Also in 2014, Yahel produced the song "Revolution of Happiness", a collaboration between Lior Narkis and Omer Adam. The track garnered over 30 million views and reached the #1 spot on the Israeli National charts.

The same year, he wrote and produced the track "Love Song for You" for the Supergroup Project. The tune garnered more than 4 million views on YouTube.

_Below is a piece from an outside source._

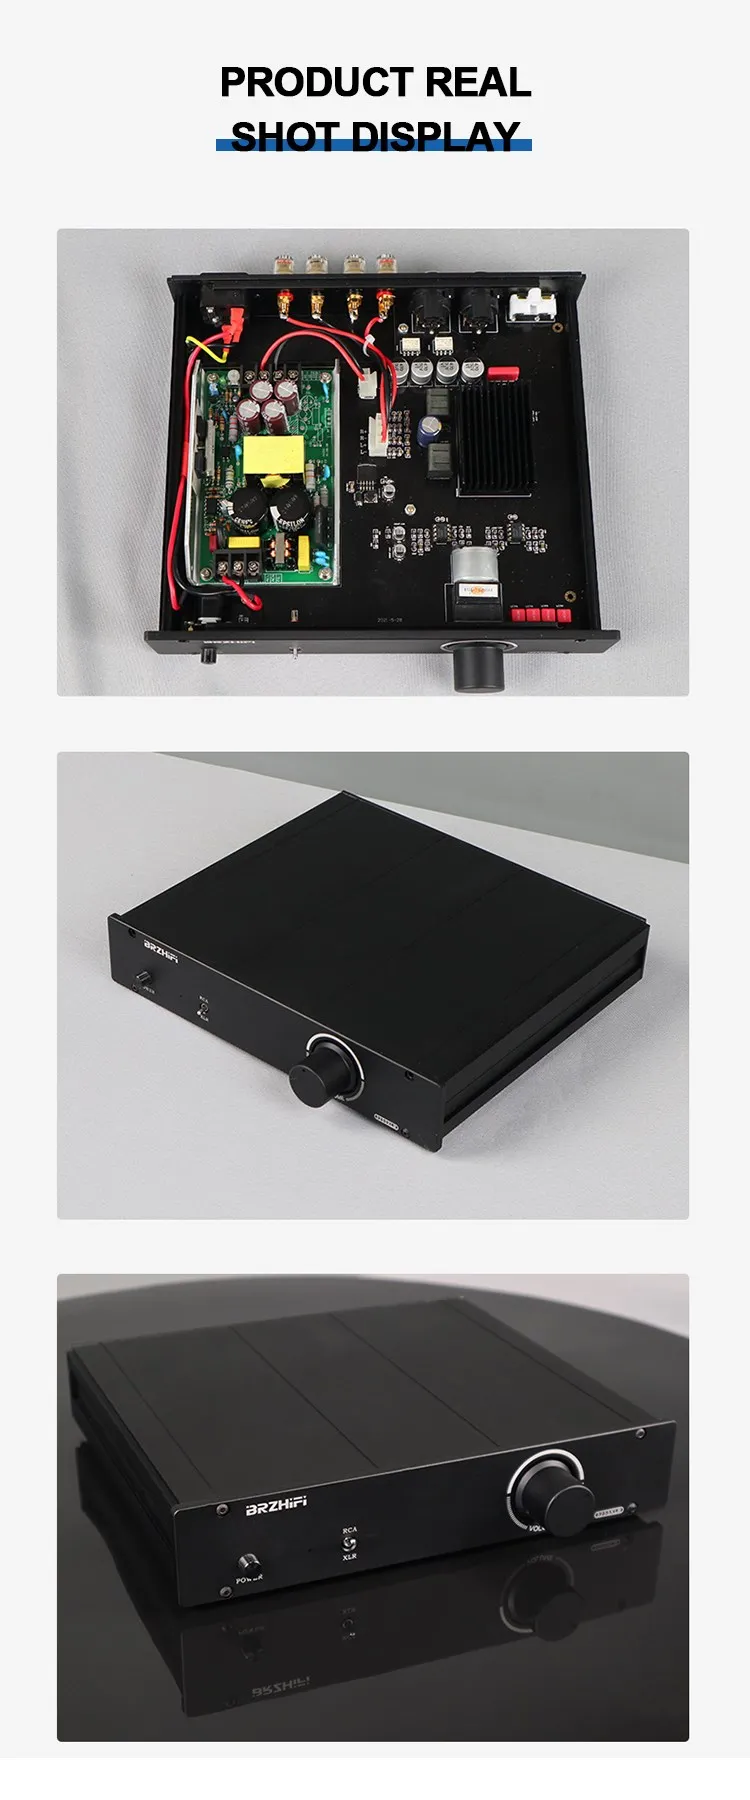 BRZHIFI Audio TPA3255 XLR Sound Amplifier Fully Balanced Input and Output 300W*2 Audiophile Digital Amplifier HiFi Stereo Amp
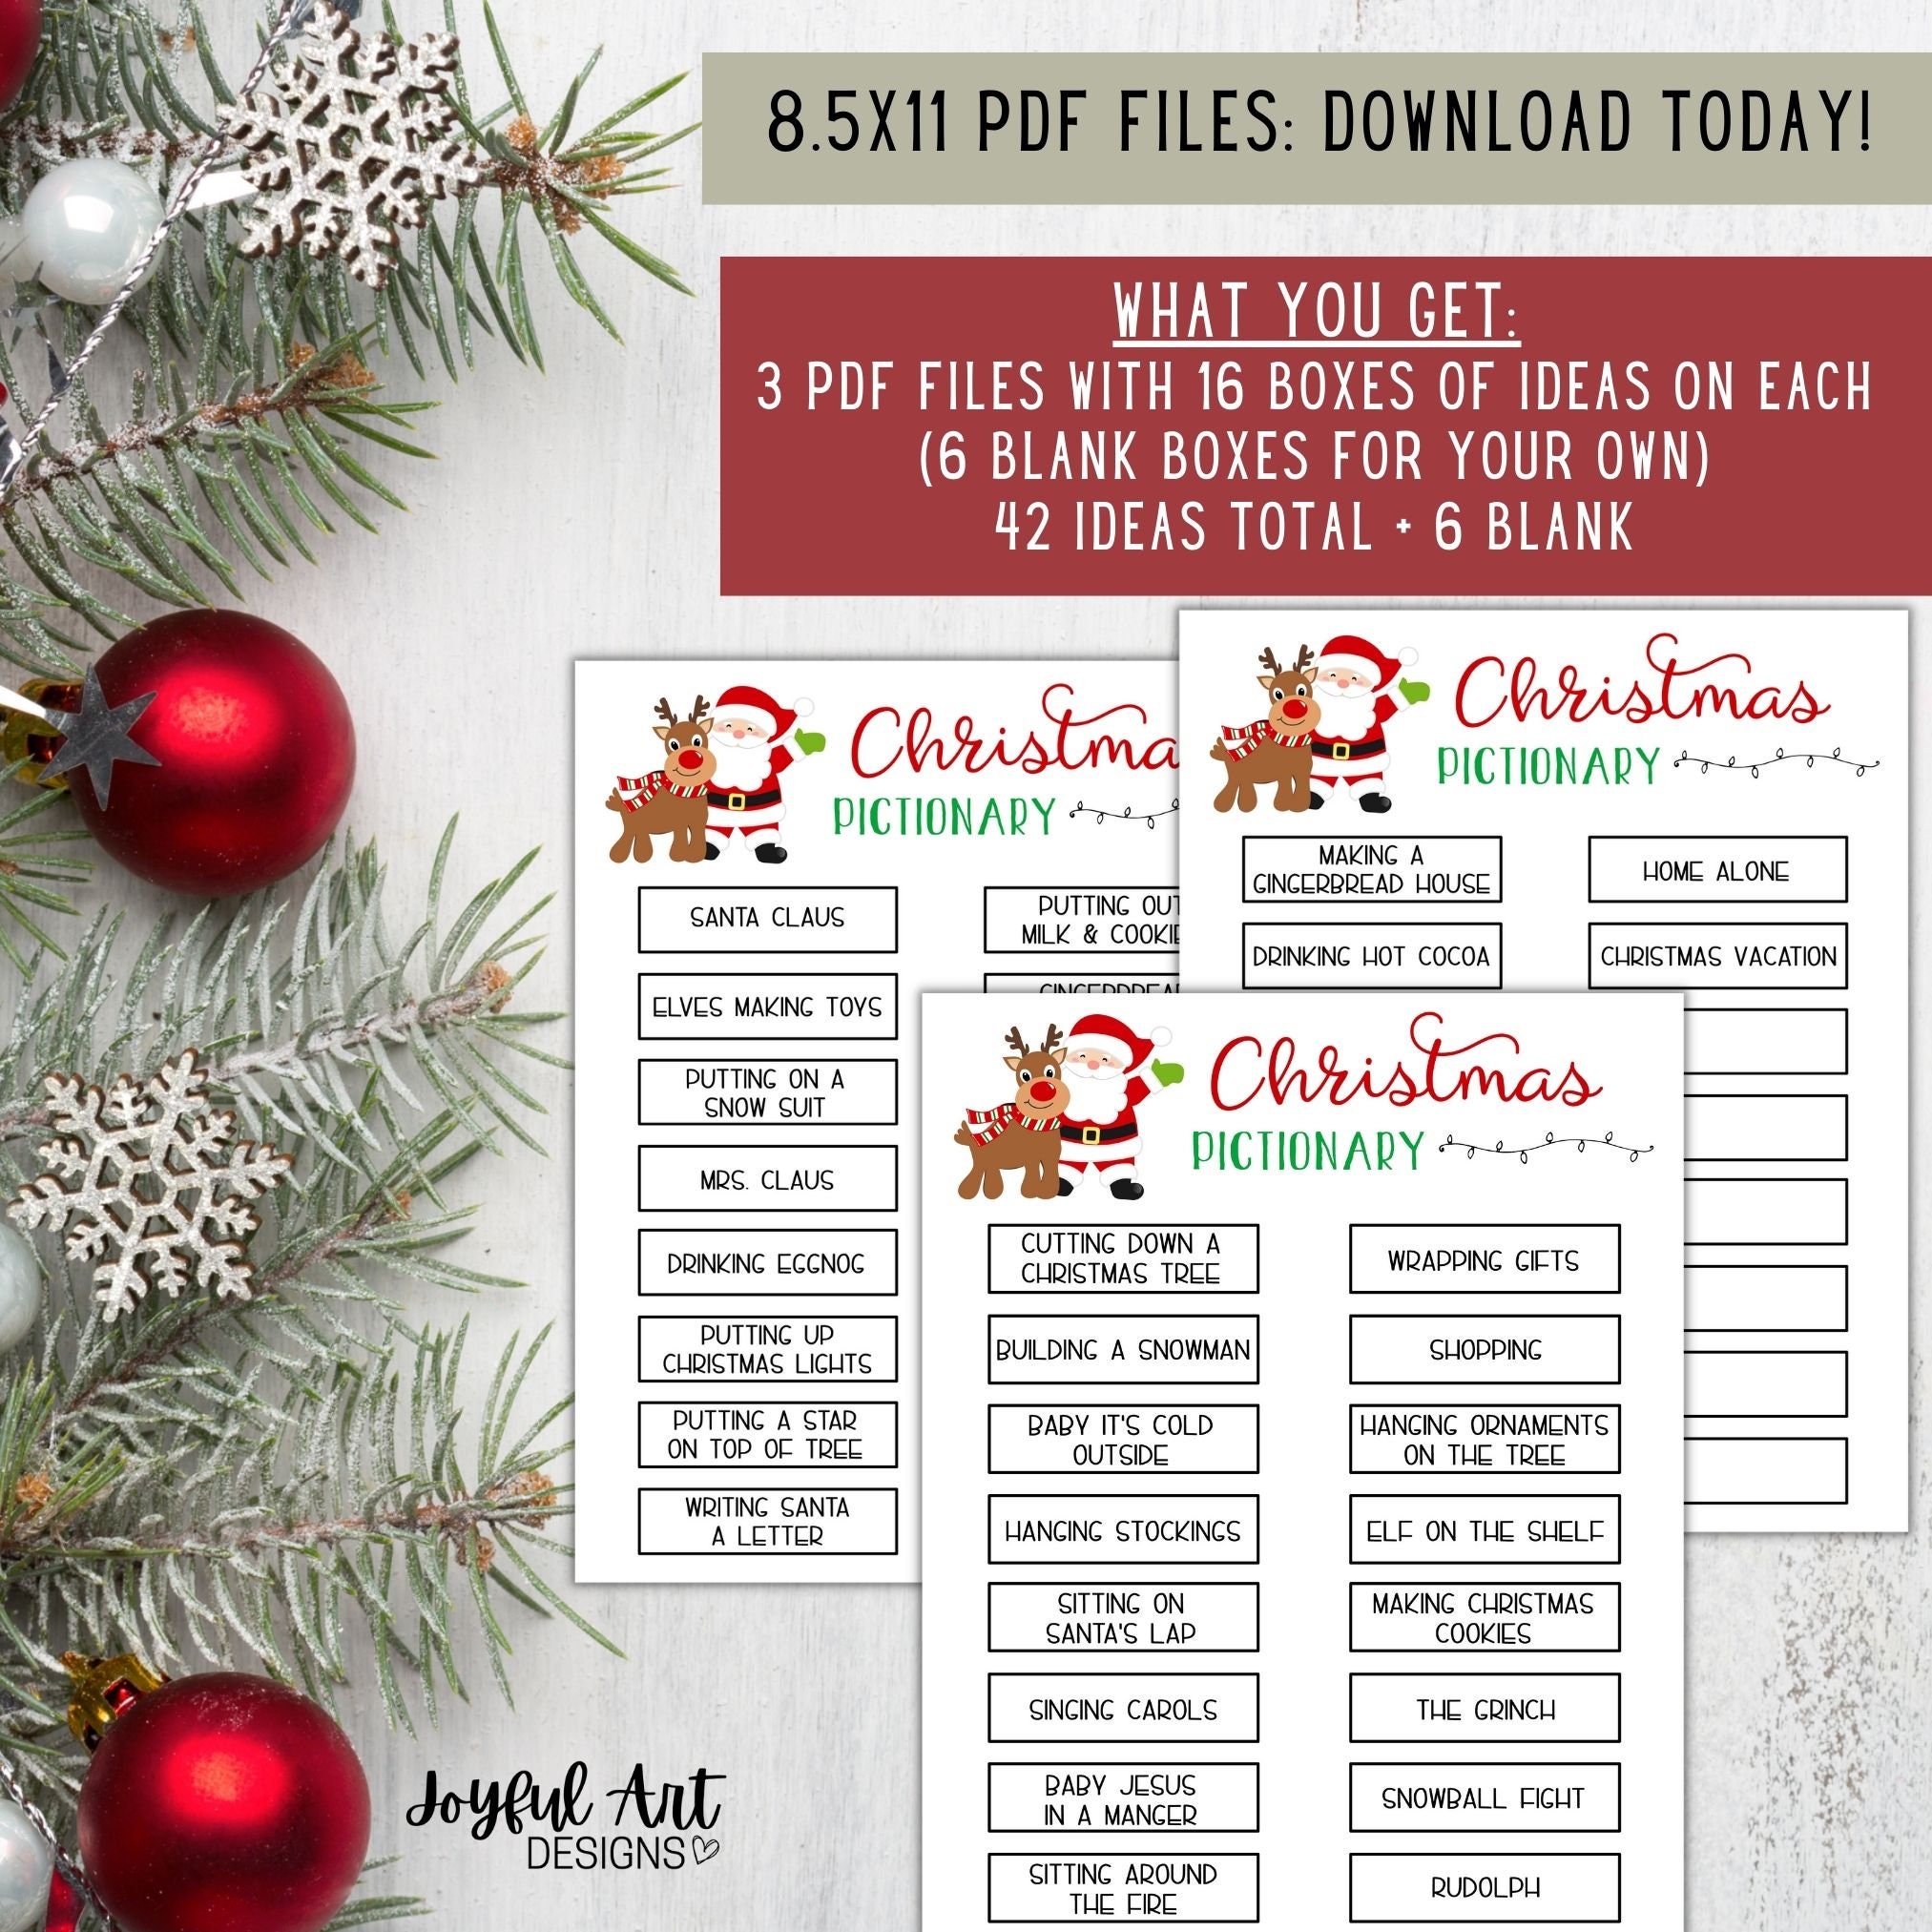 Christmas Pictionary Game For Families-Free Printable - Fox Farm Home

In 2015, Yahel collaborated again with Offer Nissim to deliver the remix for Madonna's track  "Living for Love"  from her album Rebel Heart. The remix climbed to #1 on the Dance Club Billboard US chart.

Also in 2015, Yahel co-wrote the Israeli entry for the Eurovision Song Contest. "Golden Boy", performed by Nadav Guedj, garnered over 30 million YouTube views and reached #1 on the Israeli national chart. He was also involved in the Greek version of the song, titled "Στο θεό με πάει" (Take Me to God) by Eleni Foureira, who also performed the track at the 2015 MAD Video Music Awards. Additionally, Yahel produced the track "Buoy", which was featured on the compilation album Dim Mak Greatest Hits 2015: Originals.

Yahel was also involved in producing the breakout hit "Queen of Roses" (מלכת השושנים) for Israeli singer Eden Ben Zaken.

Between 2011 and 2015, Yahel produced, arranged, and composed the songs for the Israeli children's musical show Festigal.

From 2012 to 2014, Yahel played the keyboards in and did sequencing for The Voice Israel house band.

2016 - Pet Shop Boys and Hardwerk feat. Akon and Sia support show
In 2016, Yahel and Offer Nissim where at the helm of the official remix for the Pet Shop Boys tracks "Say It to Me" and "The Pop Kids" from the British synth-pop duo's album Super. That same summer, Yahel also produced the official remix of the DJ Hardwerk track "Tell Me We're OK", featuring Akon.

Yahel also wrote the debut single for Palestinian singer Lina Makhul, titled "This Ain't About You", which was released worldwide on 29 April 2016.

In August 2016, Yahel produced the live show for Marina Maxmilian's support slot for Sia's debut Israeli performance at Yarkon Park in Tel Aviv.

In 2017, Yahel undertook the live production of the sold-out Israeli show of popular performer Moshe Peretz. His song "Karamela" (produced and arranged by Yahel) was the second-most-played song in Israel in 2017.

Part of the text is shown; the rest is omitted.